**Collected data:**
--- START ---
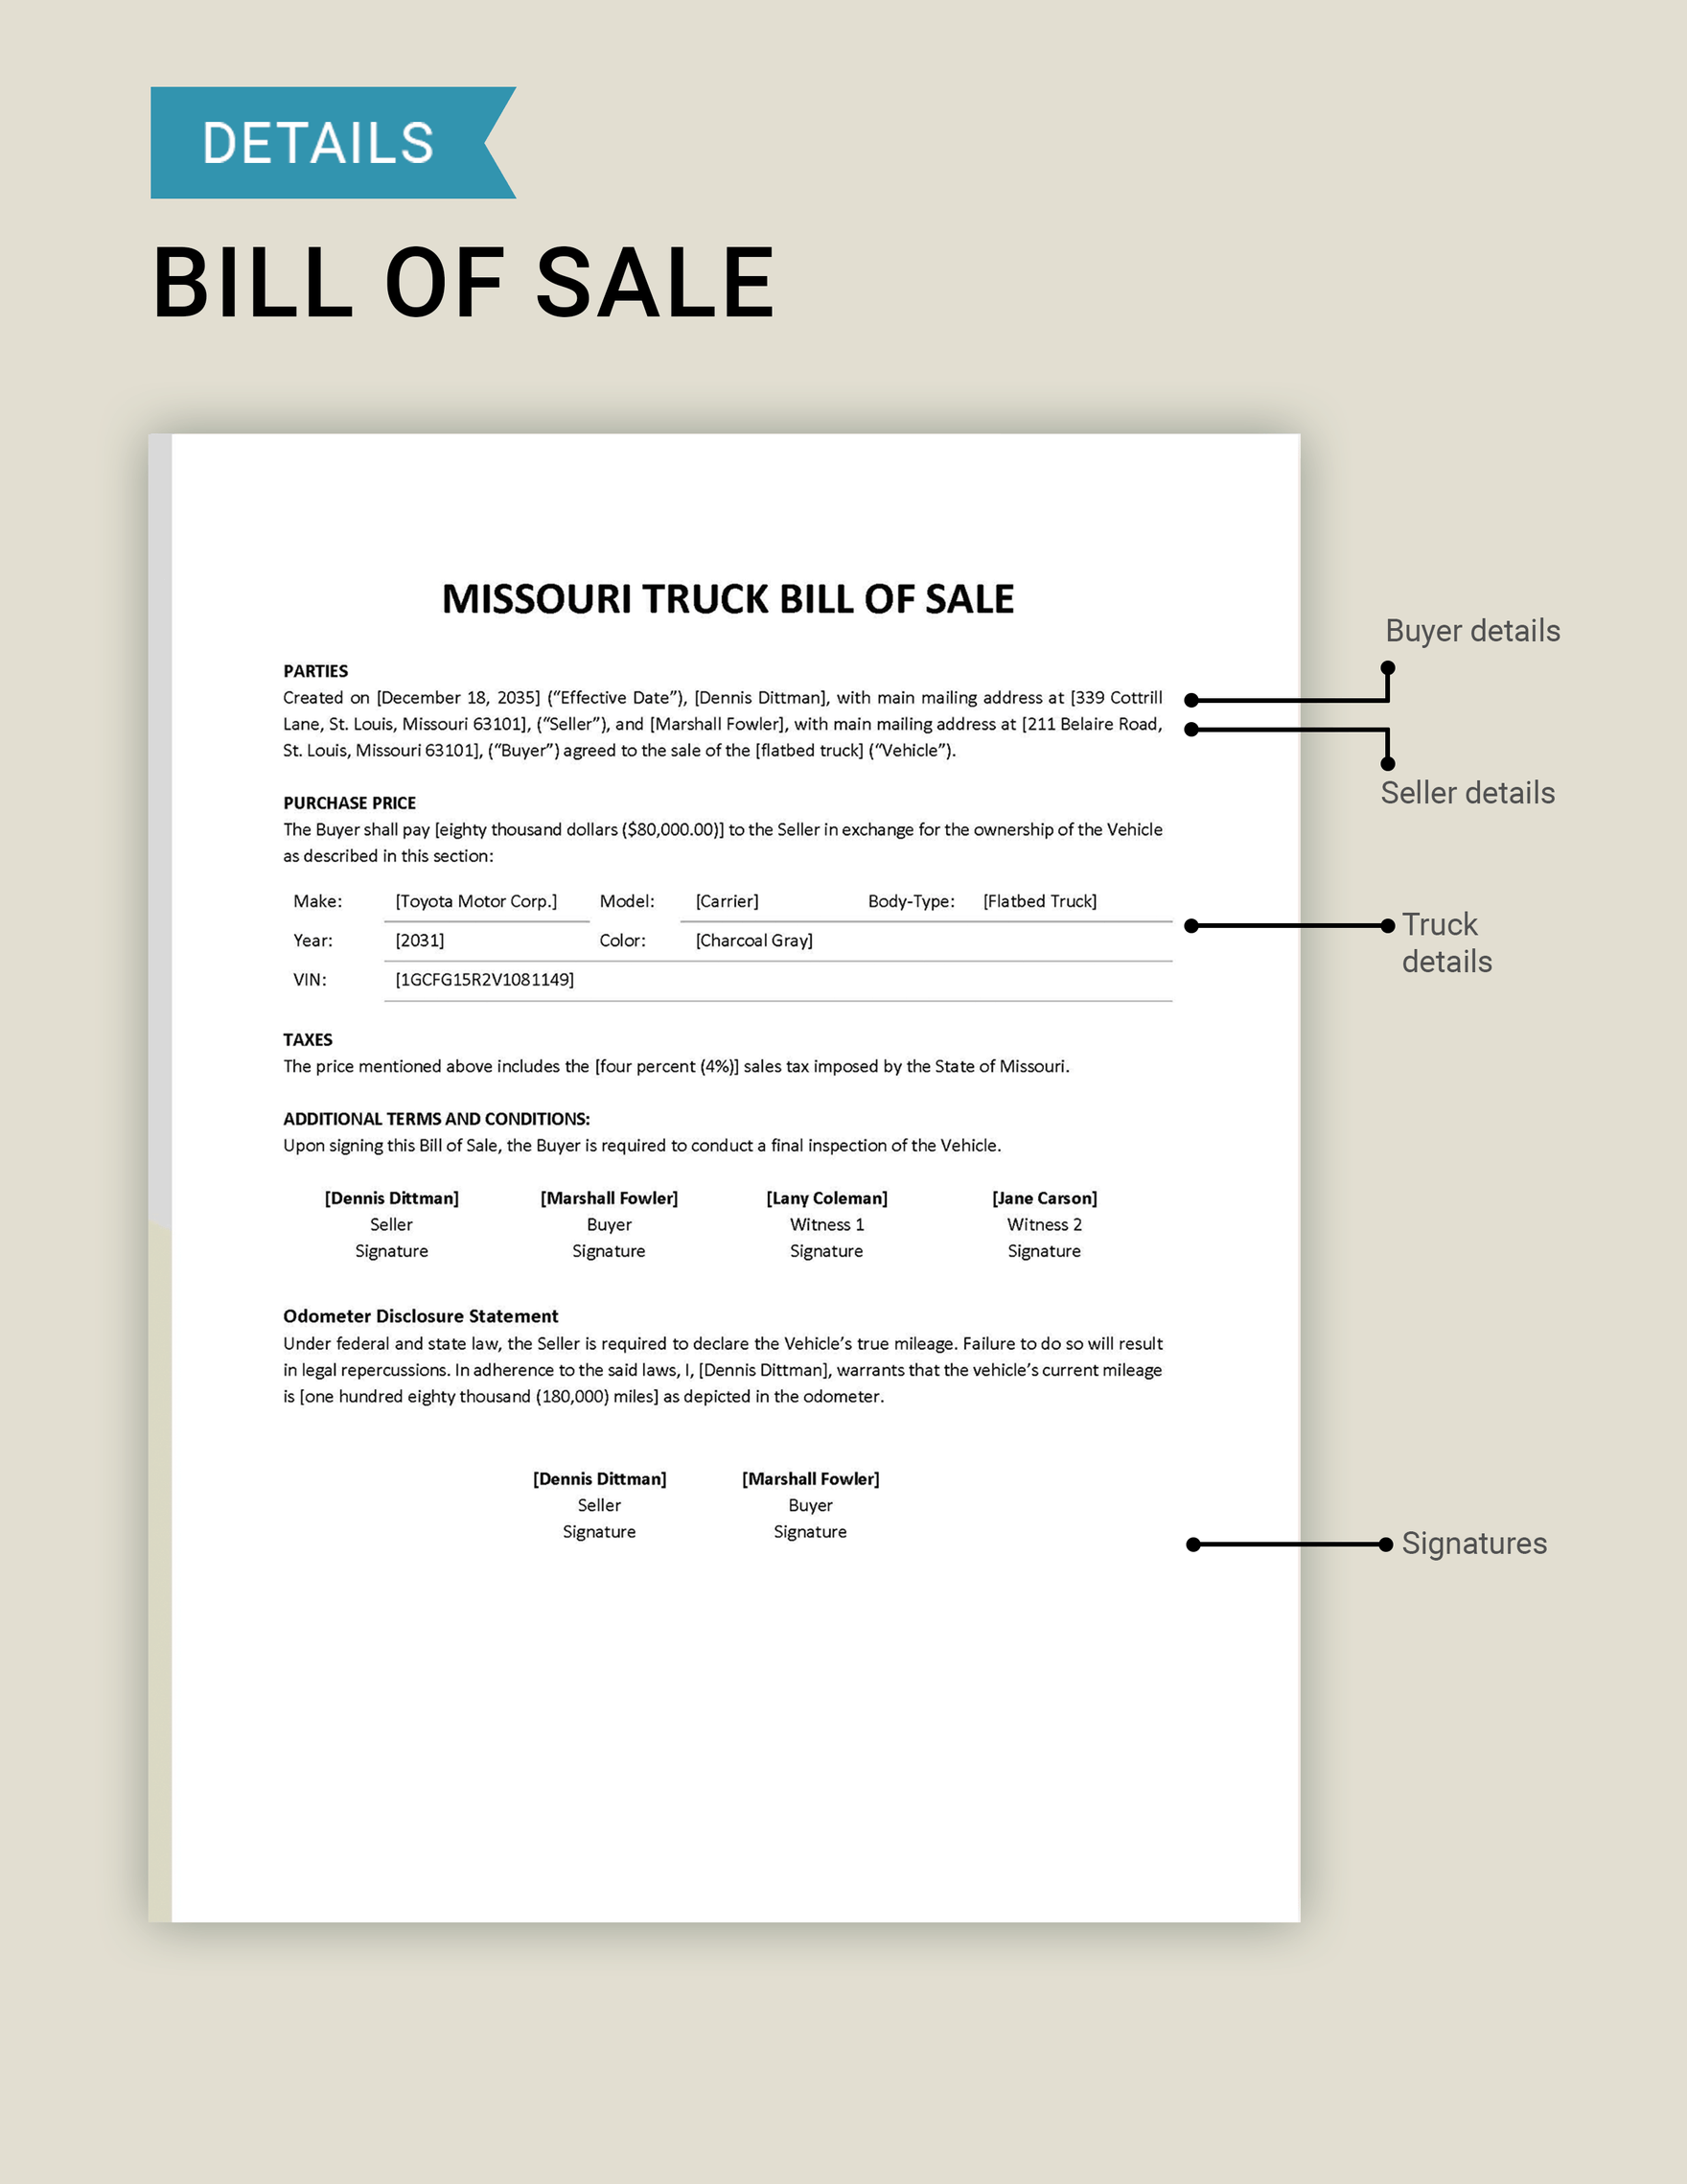 Missouri Truck Bill of Sale Template
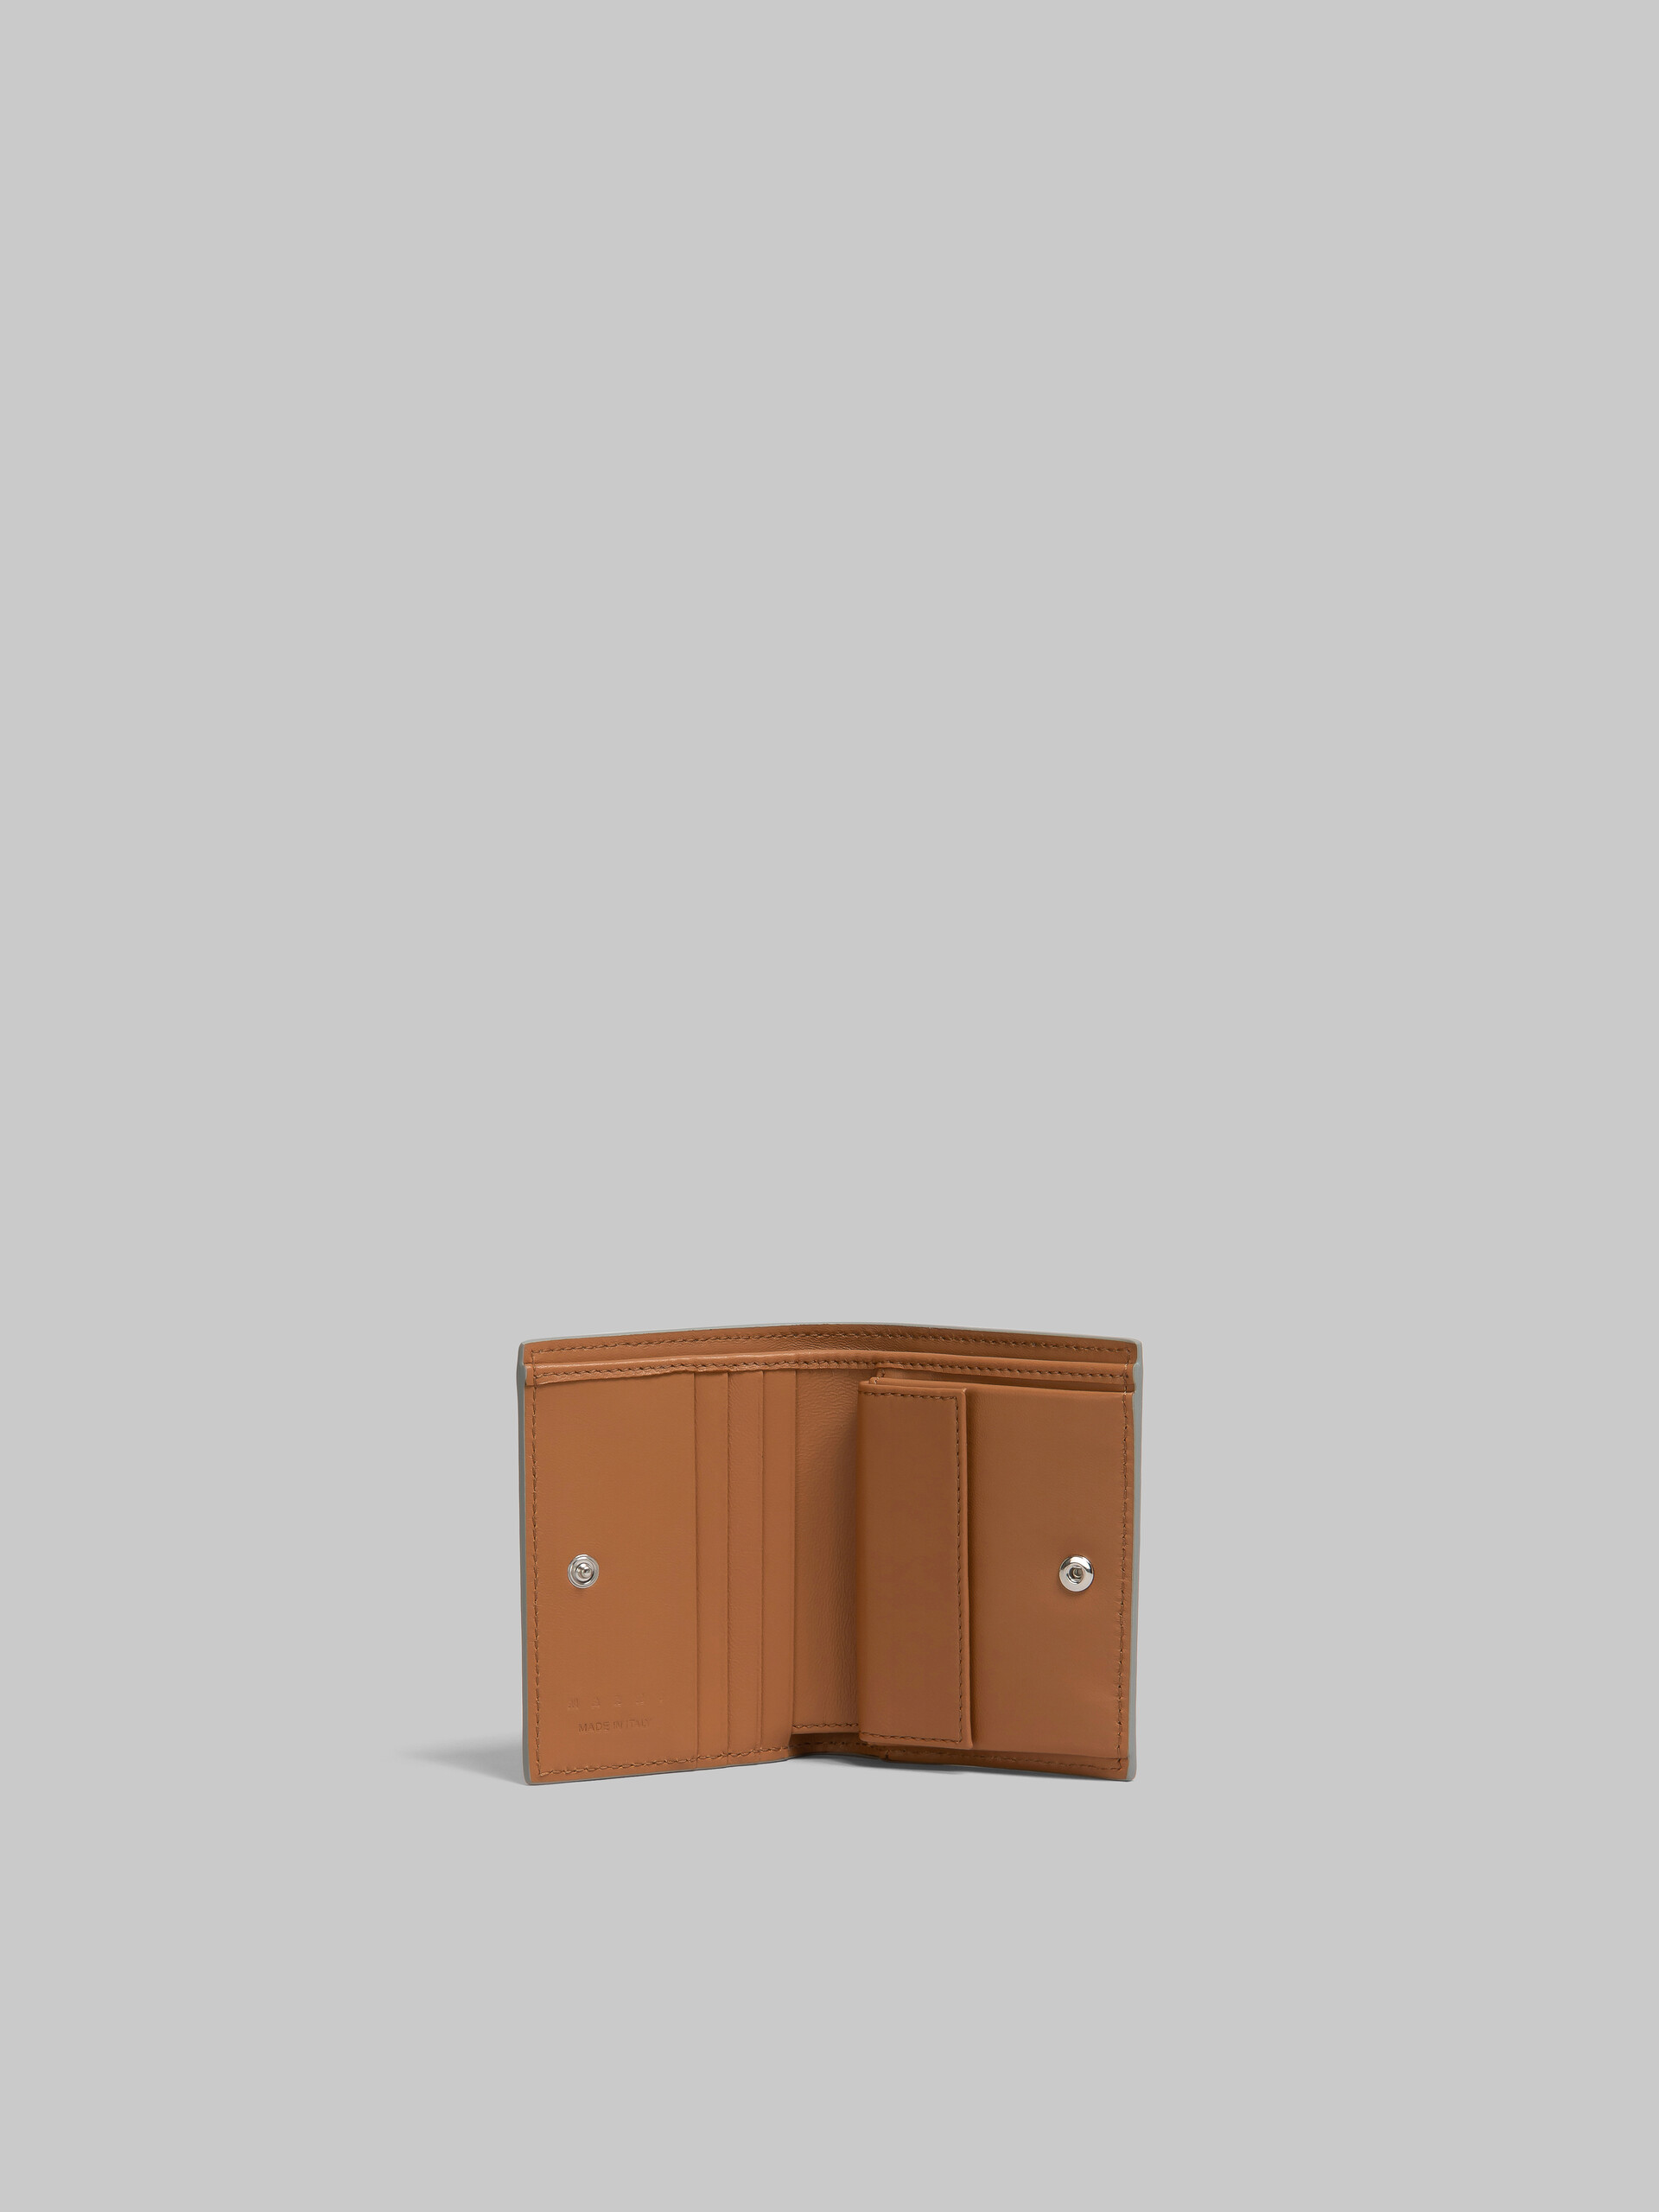 ブラウン レザー メンディング 二つ折りウォレット - 財布 - Image 2
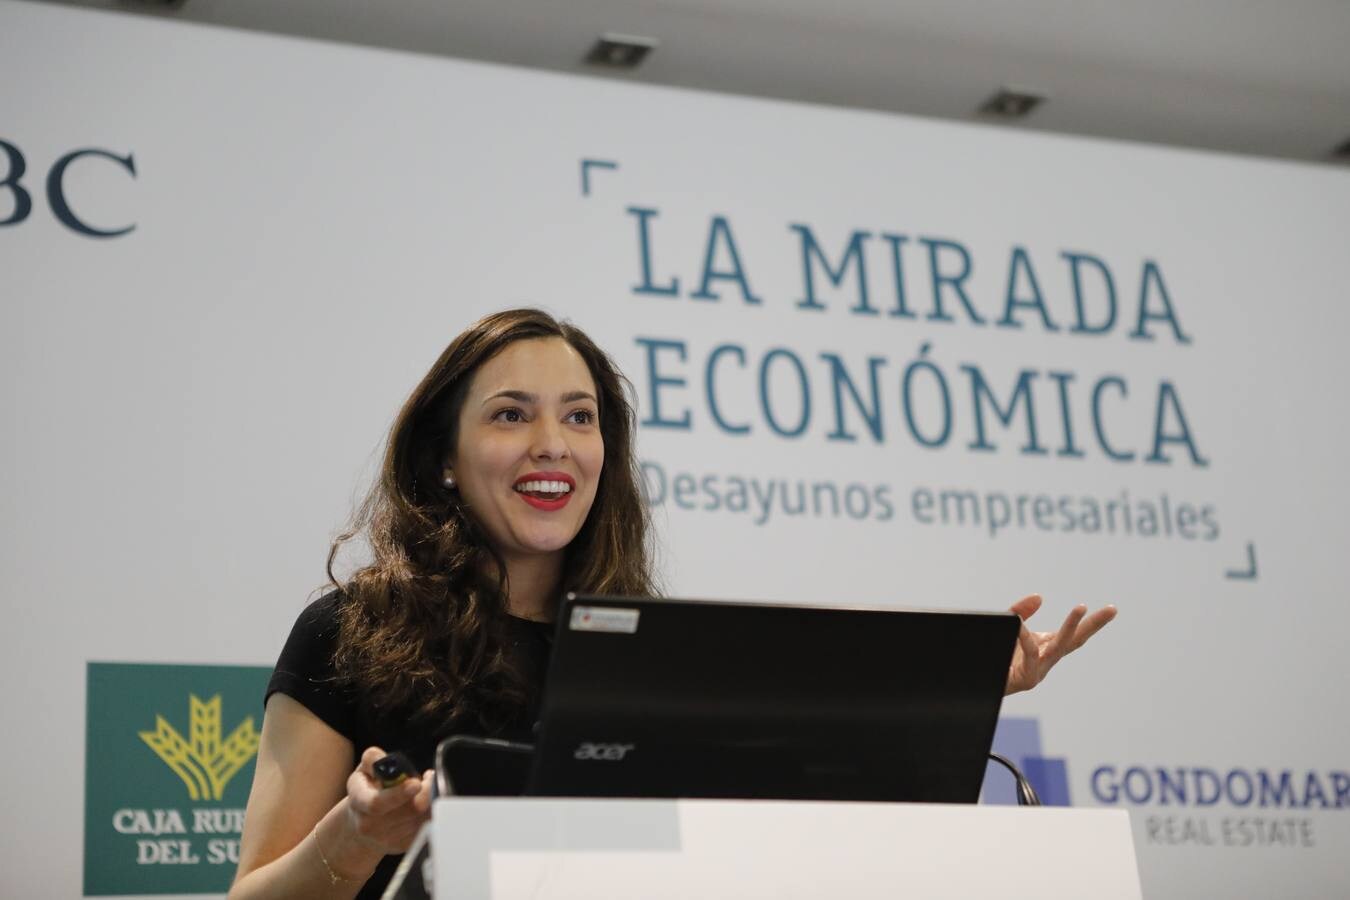 En imágenes, la Mirada Económica de ABC Córdoba
--- END ---
**Directions:** The line containing "ブラウン レザー メンディング 二つ折りウォレット - 財布 - Image 2" and every line after it, through the end of the material above, are to be printed exactly; no pictures belong in the output.

**Exercise solution:**
 ブラウン レザー メンディング 二つ折りウォレット - 財布 - Image 2
 En imágenes, la Mirada Económica de ABC Córdoba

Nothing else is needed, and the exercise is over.